Perception Programs: Unlocking Visual Tool Reasoning in Language Models¶
Conference: CVPR 2026
arXiv: 2604.12896
Code: https://github.com/AISmartPerception/perception-programs
Area: LLM / NLP (Other)
Keywords: perception programs, visual tools, language-native representation, training-free, multimodal reasoning
TL;DR¶
Perception Programs (P2) is a training-free, model-agnostic method that converts raw visual tool outputs (depth, optical flow, correspondences, etc.) into compact language-native structured summaries, enabling MLLMs to directly "read" visual modalities rather than infer from dense pixels, achieving an average 19.66% improvement across 6 BLINK tasks.
Background & Motivation¶
Background: MLLMs are increasingly used in conjunction with visual tools (depth estimation, optical flow, visual correspondences, etc.) to enhance visual reasoning.
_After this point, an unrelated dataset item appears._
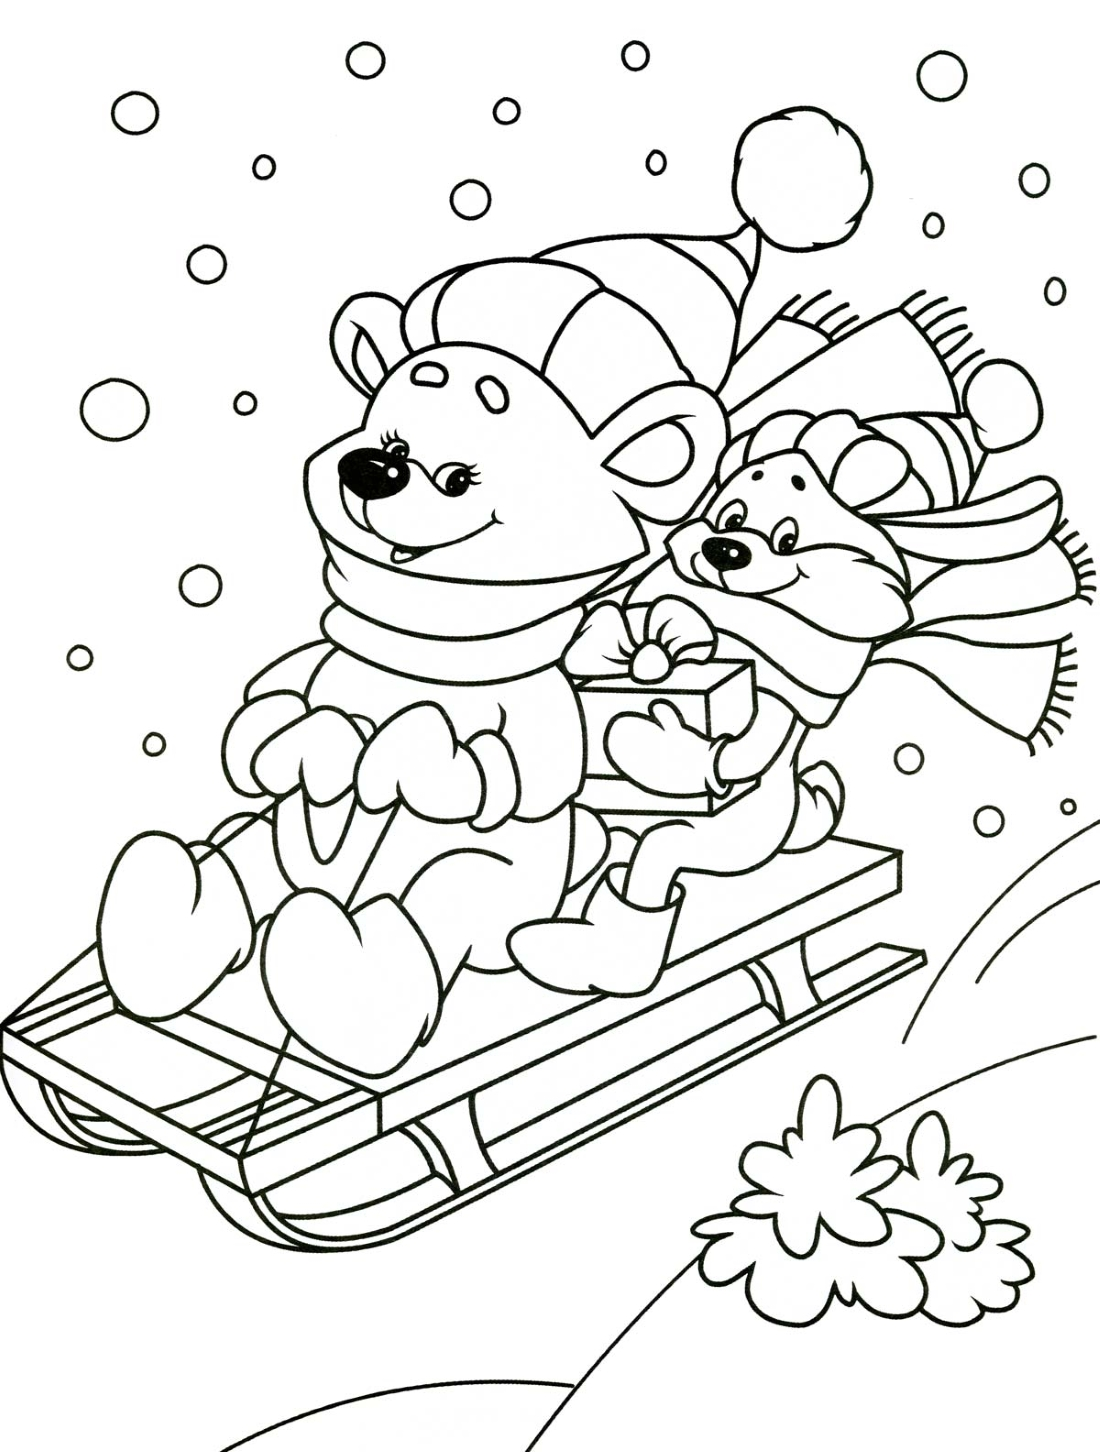 Раскрасить картинки на зиму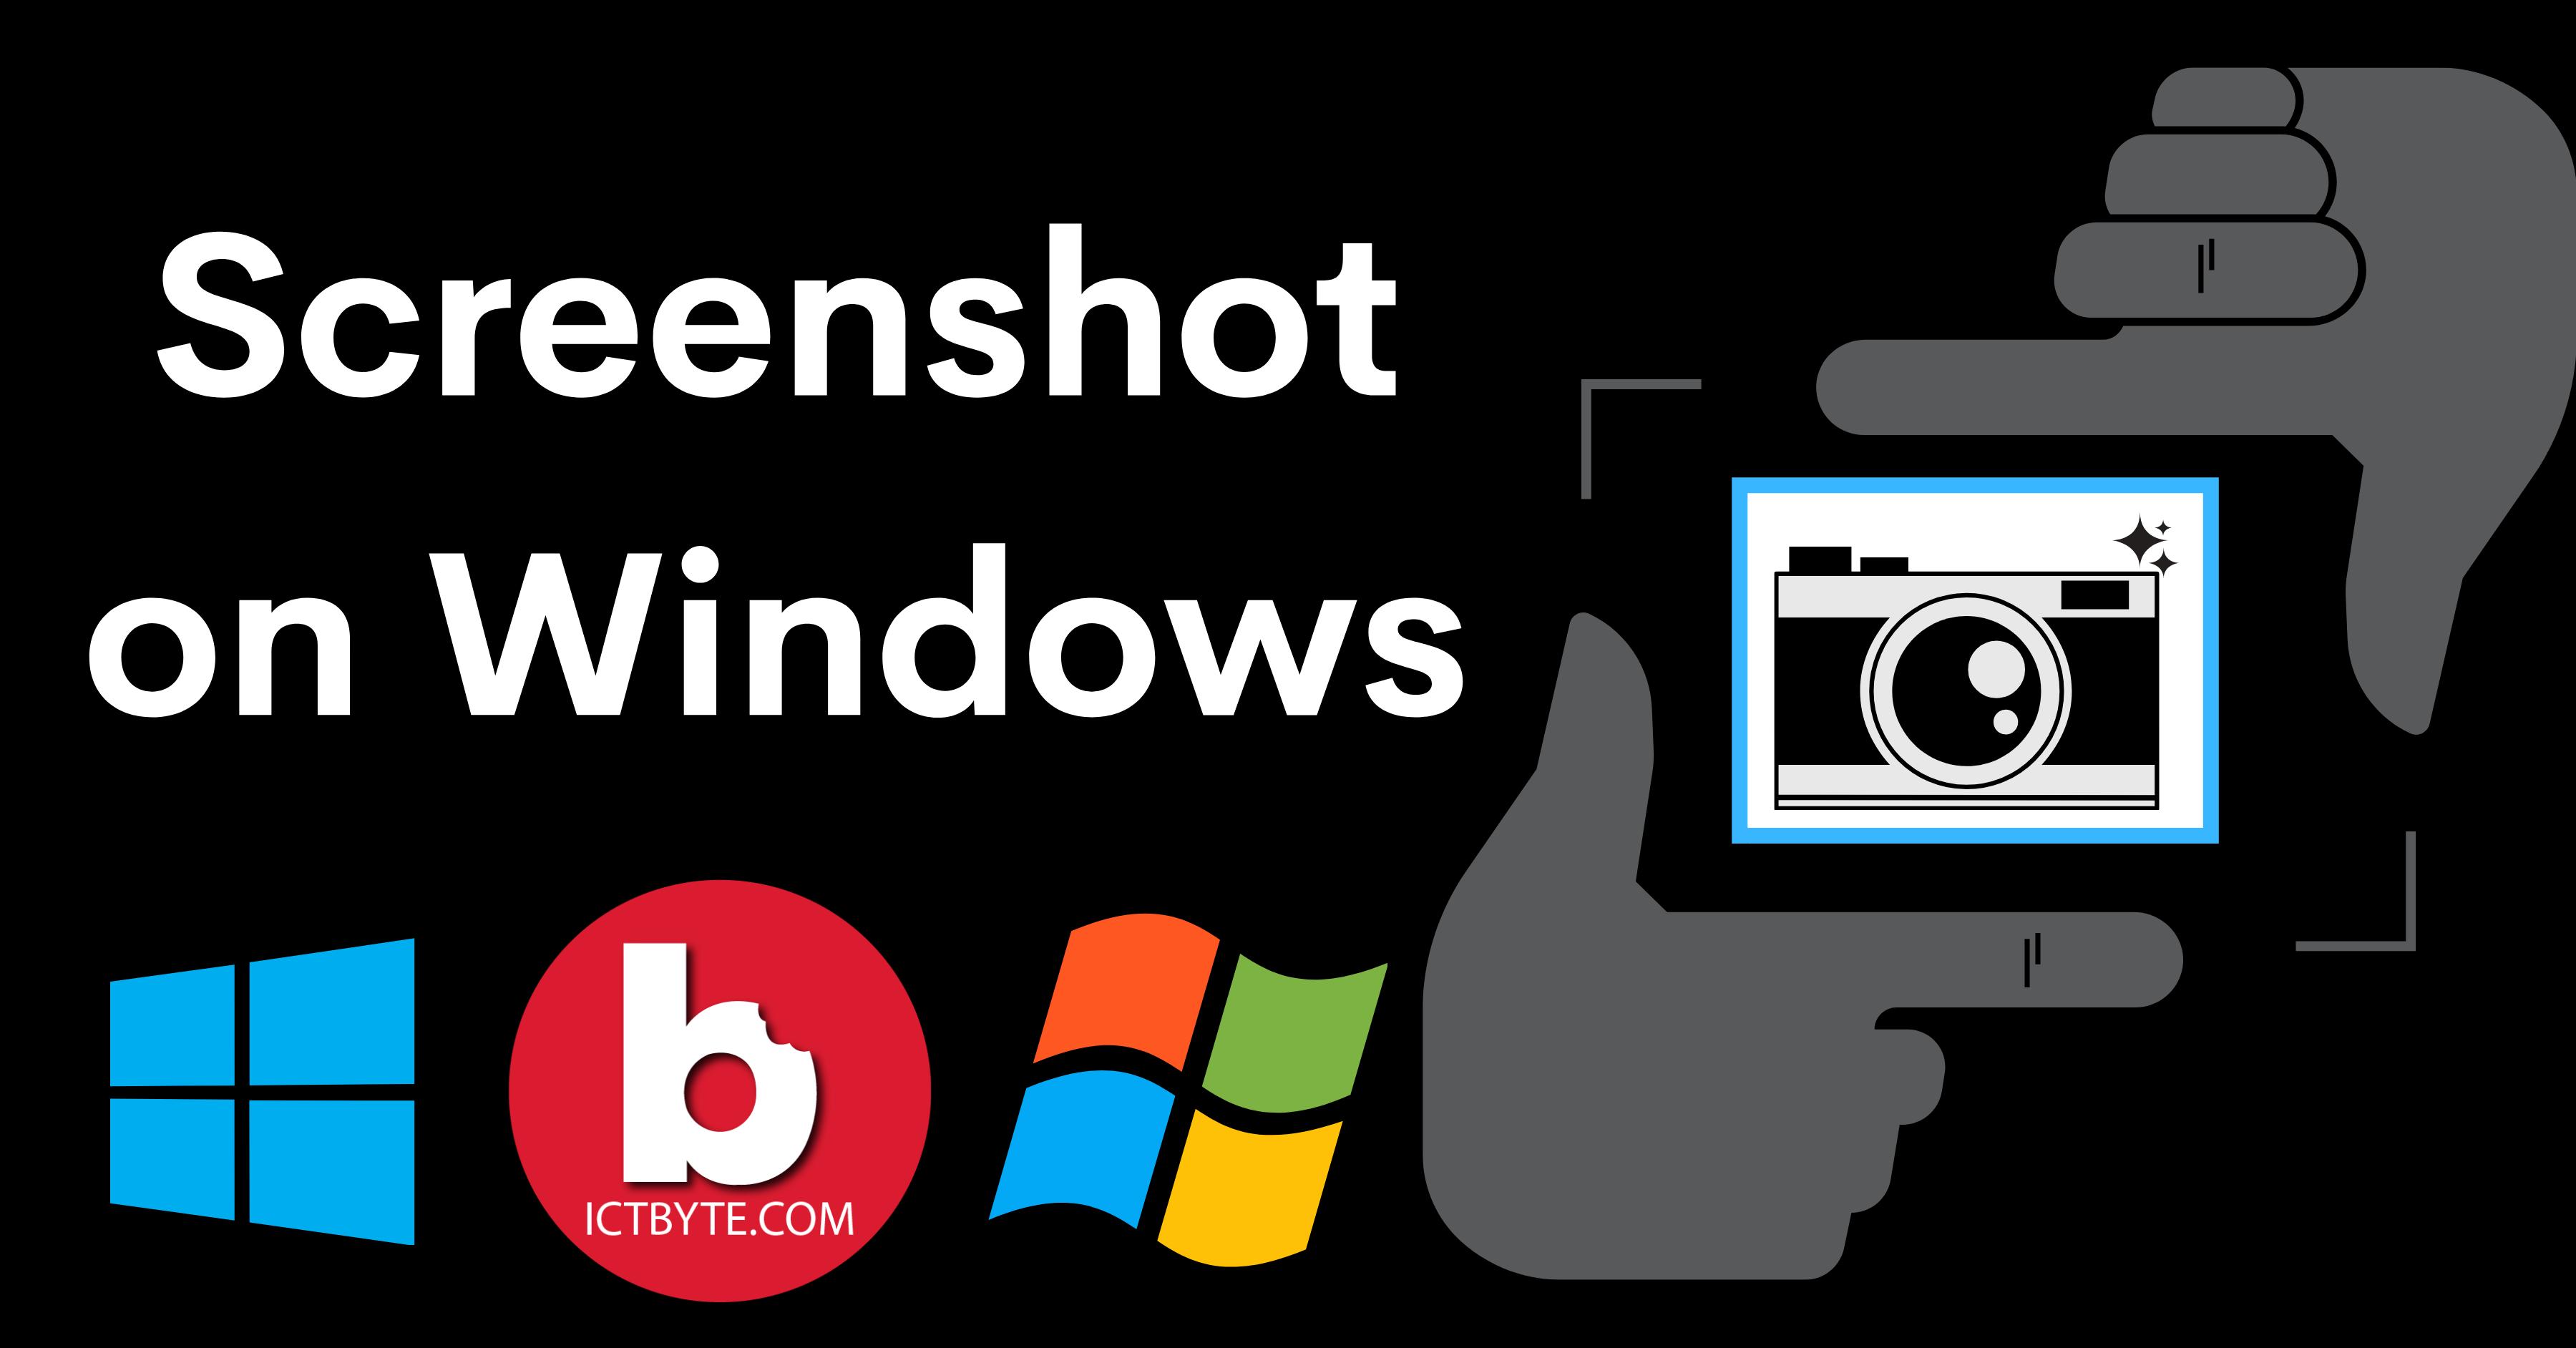 How to take screenshot on Windows ?

Limitations of Prior Work: Despite visual tools providing accurate perceptual signals, MLLMs often fail to fully leverage them. Raw tool outputs are dense pixel-level representations that are mismatched with LLMs' language-native reasoning capabilities. Experiments show that GPT-5 Mini cannot even recover correct depth ordering from depth maps (Kendall τ rapidly approaches zero).
Key Challenge: The bottleneck is not more tool calls or larger MLLMs, but the representation format of visual tool outputs. Dense numerical tokens are fundamentally mismatched with the language reasoning substrate.
Goal: Convert tool outputs from dense pixel-level representations to language-native structured summaries.
Key Insight: Humans extract cues from visual information differently depending on data type (depth focuses on near/far, optical flow focuses on direction, etc.). Converting key information to text relieves the model from processing pixel details.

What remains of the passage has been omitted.